Je vous remercie tous les deux et ce sincèrement pour votre diligence et compétence.

Cependant de mon côté j'ai mis le dvd Leopard du Macbook Pro dans le Powerbook. Or lors du redémarrage Leopard me dit qu'il ne peut pas s'installer sur le sytème du Powerbook. En conséquence est-ce que c'est le dvd "oem" (pour parler comme dans l'univers pc, autrement dit le dvd livré avec la machine ici le MacBook Pro) qui ne peut pas fonctionner sur le pbk (une sorte de sécurité) et il faut un dvd du commerce ou est-ce le lecteur du pbk qui ne lie pas les double-couches ? 

Merci d'avance pour vos réponses. 

A+


----------



## lpl (5 Août 2009)

Scuden a dit:


> Je vous remercie tous les deux et ce sincèrement pour votre diligence et compétence.
> 
> Cependant de mon côté j'ai mis le dvd Leopard du Macbook Pro dans le Powerbook. Or lors du redémarrage Leopard me dit qu'il ne peut pas s'installer sur le sytème du Powerbook.
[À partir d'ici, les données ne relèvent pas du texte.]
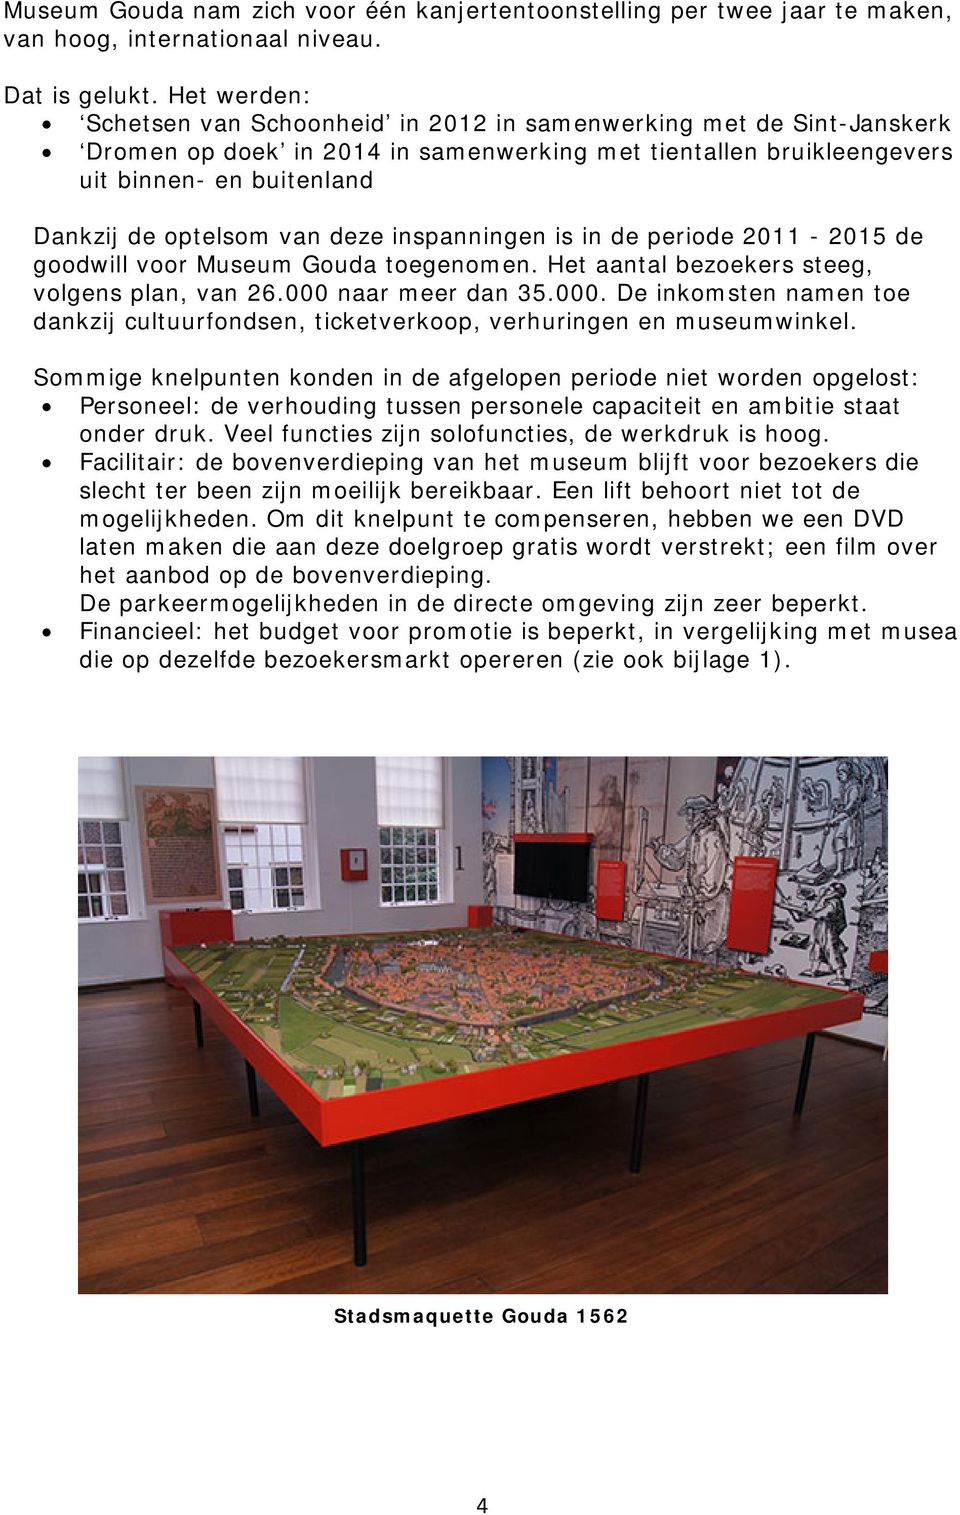 van deze inspanningen is in de periode 2011-2015 de goodwill voor Museum Gouda toegenomen. Het aantal bezoekers steeg, volgens plan, van 26.000

En conséquence est-ce que c'est le dvd "oem" (pour parler comme dans l'univers pc, autrement dit le dvd livré avec la machine ici le MacBook Pro) qui ne peut pas fonctionner sur le pbk (une sorte de sécurité) et il faut un dvd du commerce ou est-ce le lecteur du pbk qui ne lie pas les double-couches ?
> 
> ...



Il te faut un DVD NOIR de leopard (tout mac à partir de G4 867 Mhz) le DVD GRIS du macbook fonctionne que sur ce type de mac.

lpl


----------



## Anonyme (5 Août 2009)

lpl a dit:


> Il te faut un DVD NOIR de leopard (tout mac à partir de G4 867 Mhz) le DVD GRIS du macbook fonctionne que sur ce type de mac.
> 
> lpl



Je vous remercie encore fois pour vos conseils.

En effet il faut que je me mette en quête d'un *dvd noir de Leopard* car c'est dommage de passer à côté de ses nouveautés ... et que ce sera le dernier système Mac os Ten que je pourrai installer sur mon PowerBook ... pas droit à Snow Leopard ... bouh ... sniff ... 

Merci encore une fois.

A+


----------